◆ Prompt
Go to the line holding "sen Muriel Dress" in the data below and repeat it exactly, then each line after it up to and including the one holding "Game of bones.". Omit pictures.

◆ Records for this exercise
--- START ---

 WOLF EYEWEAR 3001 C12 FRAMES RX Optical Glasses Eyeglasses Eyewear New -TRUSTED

--- END ---
--- START ---

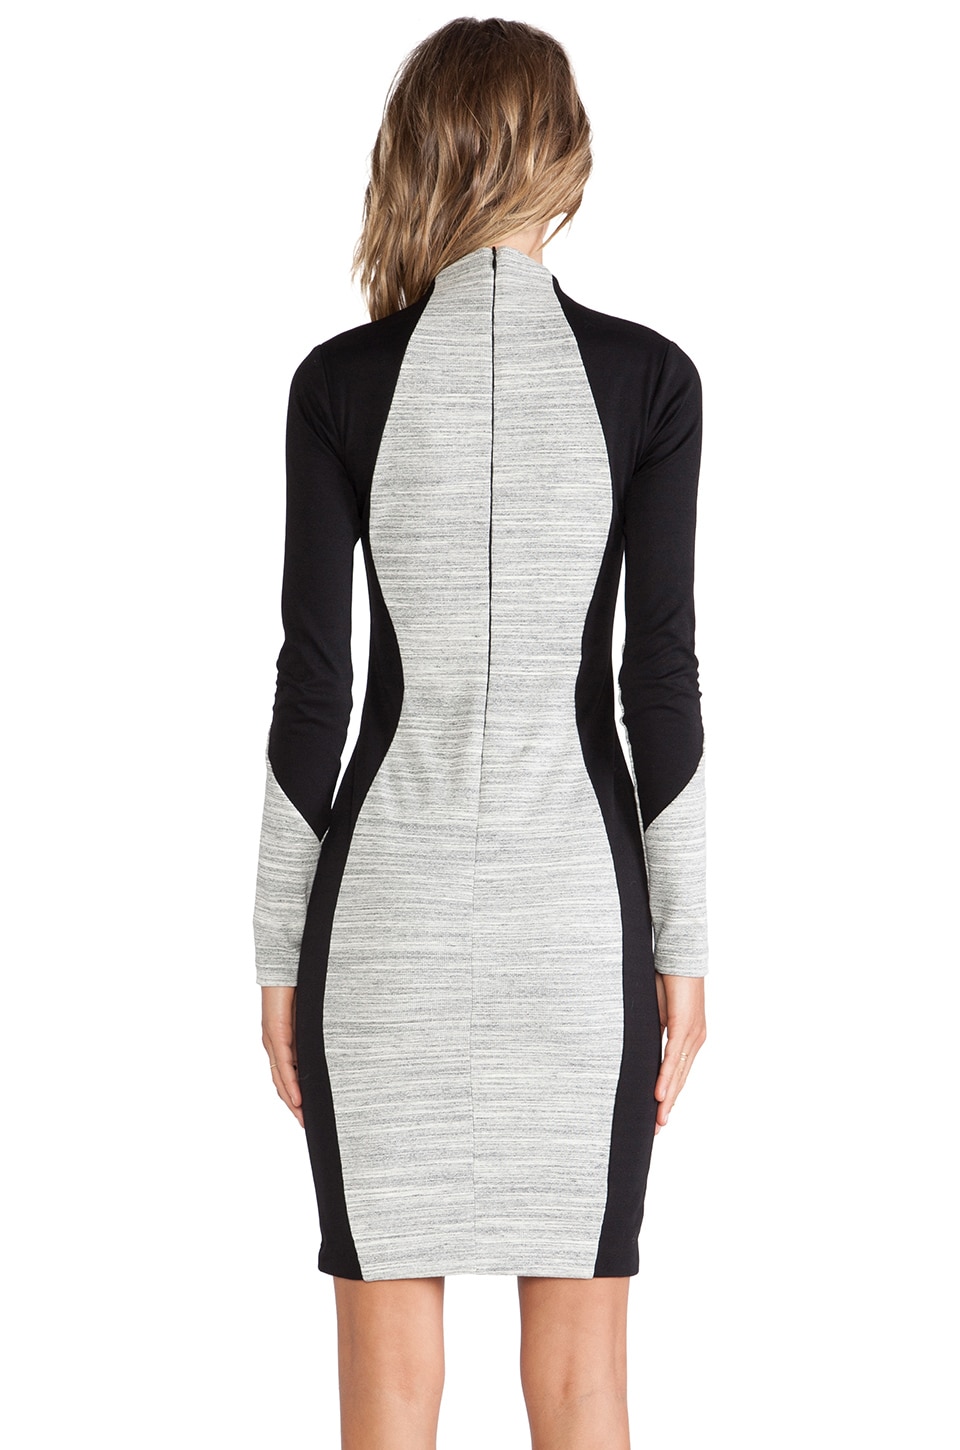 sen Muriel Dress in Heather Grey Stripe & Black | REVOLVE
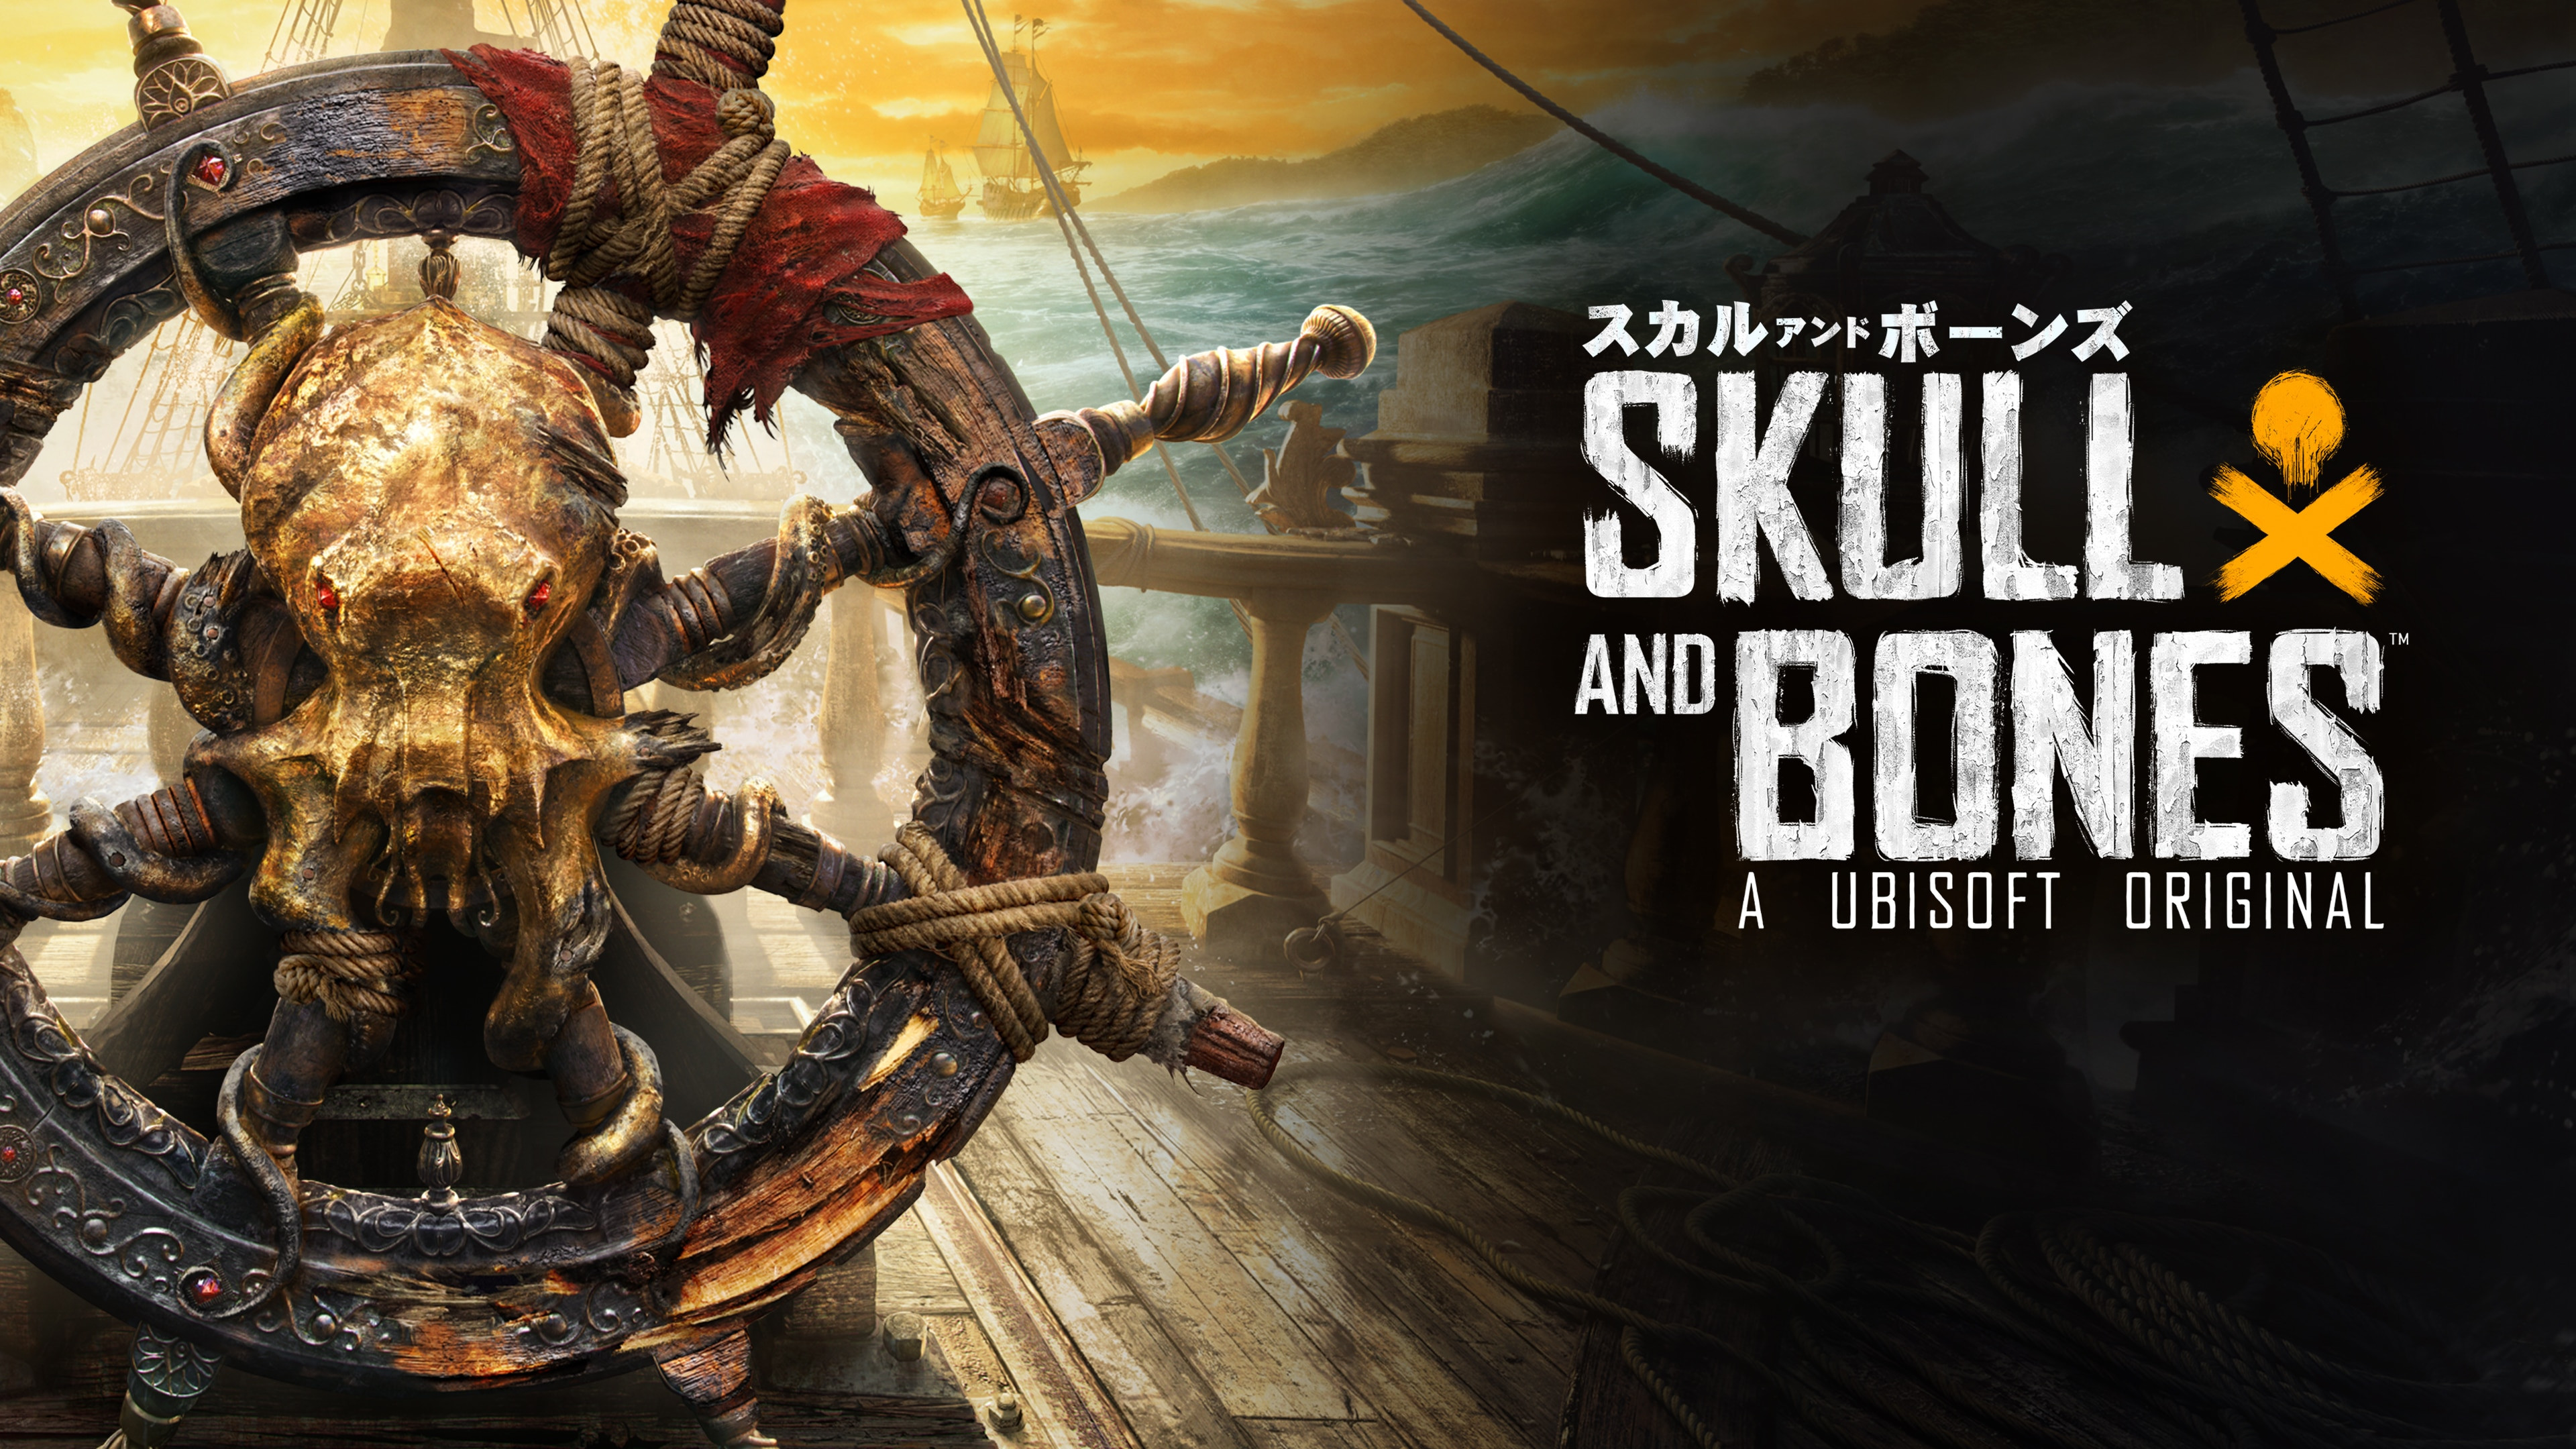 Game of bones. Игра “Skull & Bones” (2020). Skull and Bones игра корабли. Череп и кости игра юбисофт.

--- END ---

◆ Solution to this task
 sen Muriel Dress in Heather Grey Stripe & Black | REVOLVE
 Game of bones. Игра “Skull & Bones” (2020). Skull and Bones игра корабли. Череп и кости игра юбисофт.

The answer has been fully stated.